The present invention relates generally to the design of application specific integrated circuits (ASIC). LSI Logic, the Assignee of the present invention, provides a design system called “FlexStream” (which is a registered trademark of LSI Logic (all rights reserved)). As shown in FIG. 1, the FlexStream® design system is configured such that an ASIC designer uses certain third party tools (i.e., implementation, verification and manufacturing test tools) to design an ASIC, and uses LSI Logic's Flex Stream® design system to analyze the design. The FlexStream® design system is a fully integrated environment for complex ASIC and System-on-Chip (SoC) design. It provides a complete system-to-silicon methodology that enables first-pass silicon success to meet tight time-to-market windows. The FlexStream® design system is an integration of best-in-class LSI Logic and third party EDA tools. This approach provides an ASIC designer with the flexibility to use their preferred tools. The ASIC designer designs with efficiency and confidence because LSI Logic's strong partnerships with EDA vendors assure that third party tools are well-integrated into the FlexStream® environment. In addition to design capabilities, the FlexStream® design system provides a link between all the design components—process technology, libraries, memories, CoreWare functions, advance packaging solutions, and manufacturing, test and assembly. While the FlexStream® design system which is currently available provides many advantages, it does not define a system or provide the necessary guidelines or information needed to effectively verify new test structures of an ASIC.
As design complexity increases, the testing requirements for those designs also increases. There are various kinds of tests which can be performed in an ASIC environment. There are also various kinds of test structures which can be introduced in a design. Each test structure has its own set of controls for testing. Each time a new test structure is introduced, a great amount of development and verification must occur before the test structure can be made available to the public. If the introduction of new test structures continues to grow at the current pace, the solutions for testing these test structures will become obsolete and virtually impossible to use.
Each test structure includes test pins (input and output) which need to be controlled or observed from the top level functional pins during manufacturing tests. Thus, the test pins and functional pins are shared. In order to accomplish sharing of the test pins and functional pins, certain structures, for example, boundary scan cells must be controlled. Another problem encountered is that with the growing number to test pins, a sufficient number of functional ports may not exist for sharing. Each test pin is associated with one or more control pin(s).
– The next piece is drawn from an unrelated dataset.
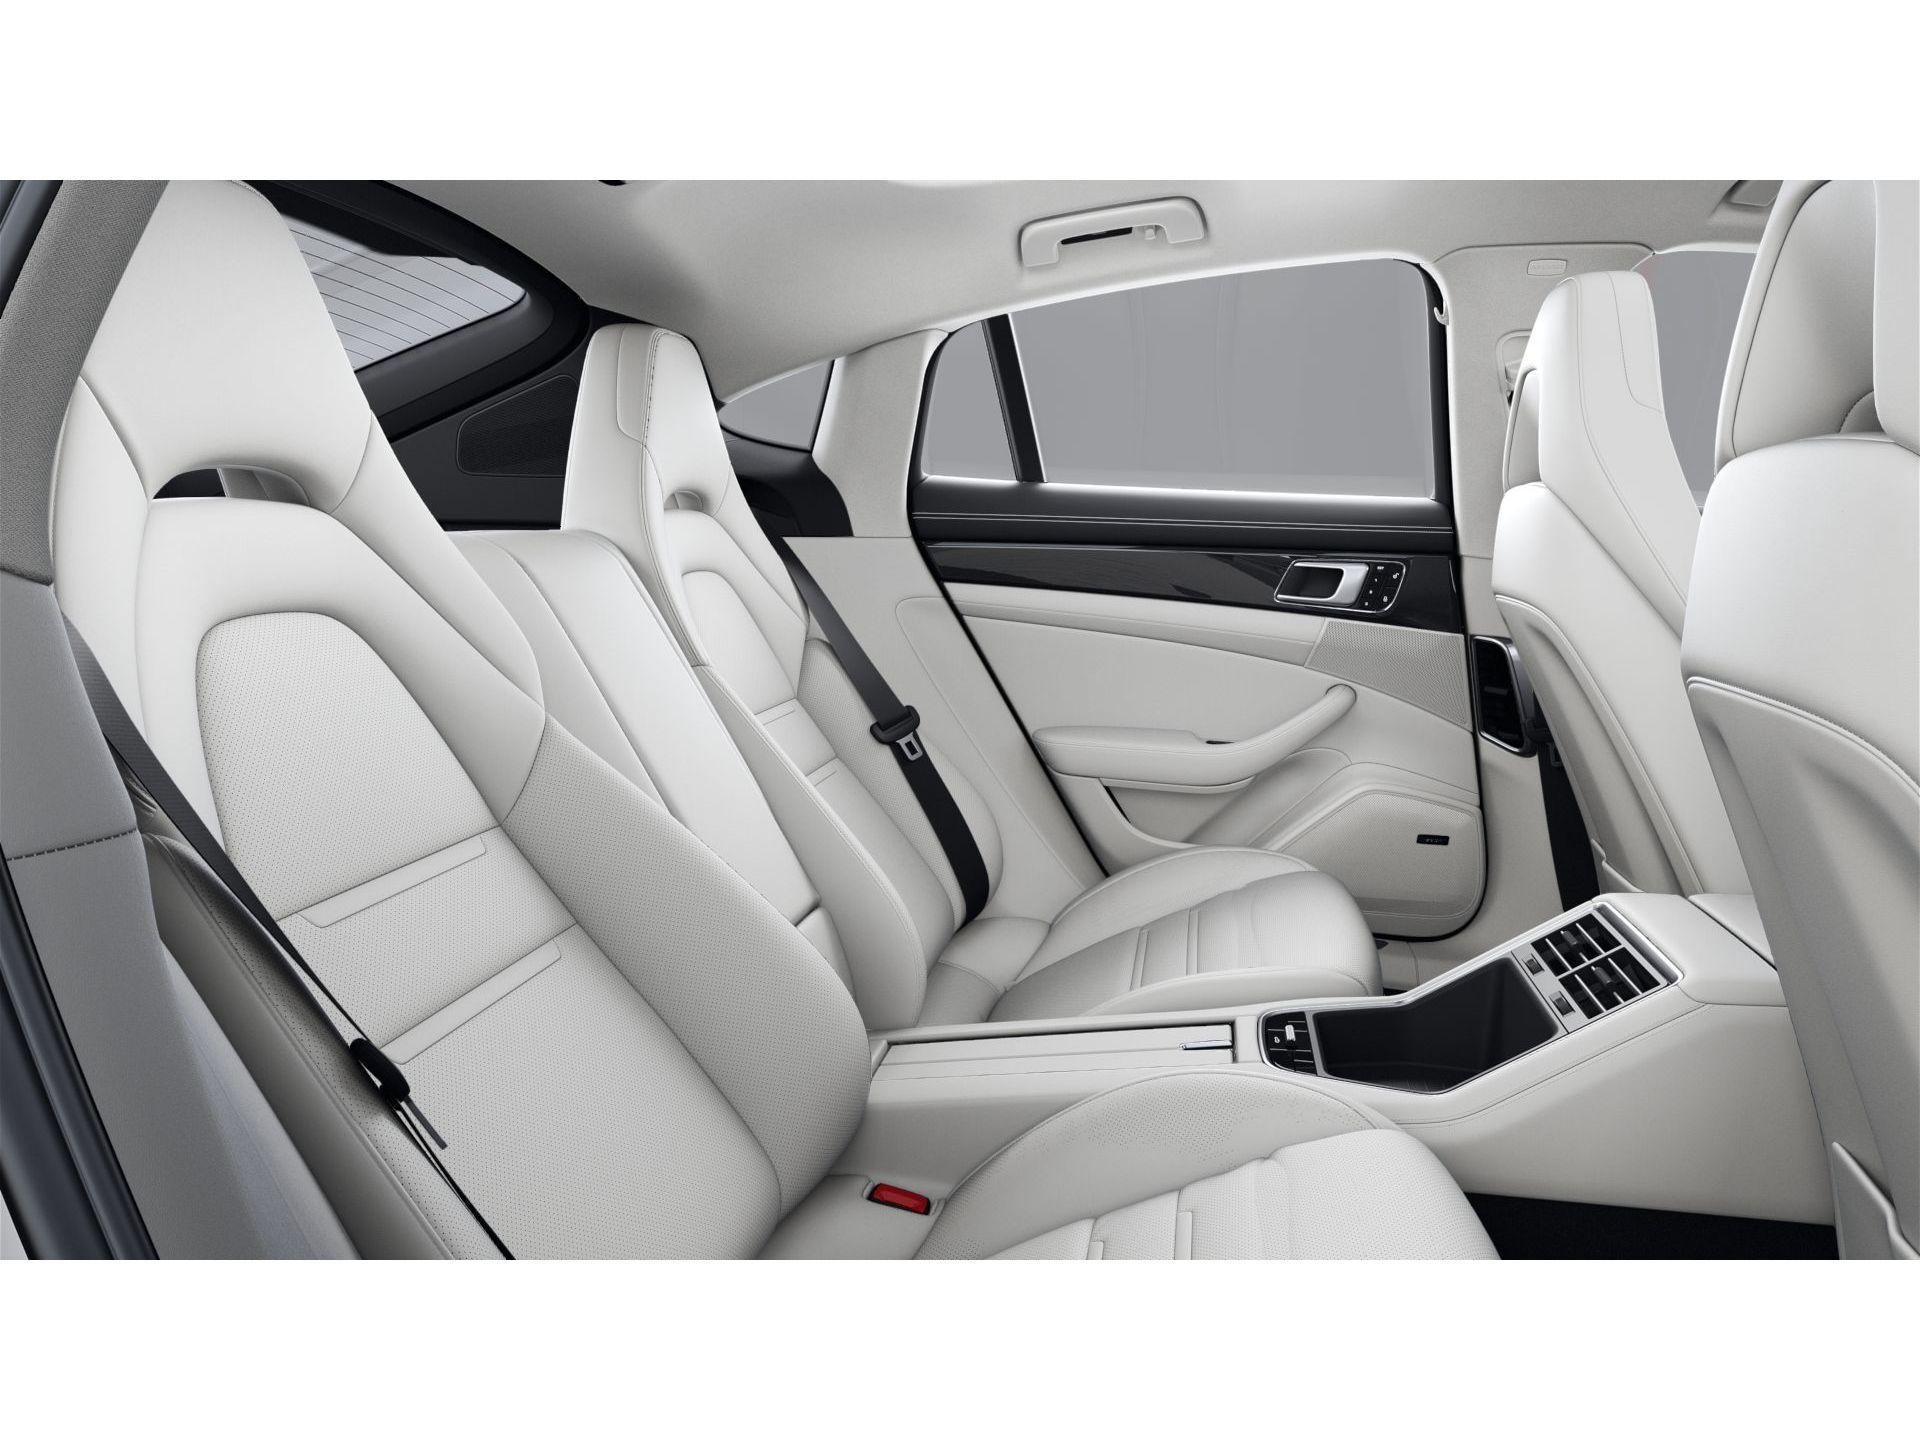 2021 Porsche Panamera 4 E-Hybrid – 4

Currently, the test structures are designed through the use of software. However, using software to design the test structures requires a massive amount of development and is very error prone. Another problem encountered is that, if a designer creates his own test structures, it is almost impossible to verify the custom test structures along with standard test structures. In addition, it would be difficult to test whether the controls are operating properly, or if some of the controls need to be changed. Such testing of the controls would require communication between the development organization and users. Generally, the time needed for this communication is very lengthy and users do not receive the information they need in a timely fashion. Finally, to reduce the number of functional ports required for sharing, some test pins need to be combined for test purposes. With approximately 40 different types of test pins, implementing the combinations of test pins would be overwhelming.
Thus, adding new test structures to current designs is difficult. In addition, given the number of types of test pins, combining some test pins for functional test ports is extremely difficult. The current design methods also do not allow for the addition of custom test structures. Thus, introducing custom test structures to the ASIC design requires a significant amount of development time and verification time which may not be available. Finally, it the design does not operate as expected, and changes are needed, the changes can not be immediately implemented by the customer. Rather, the customer must request changes, the designer must implement the changes and then provide the customer with the changes which results in undesirable delays.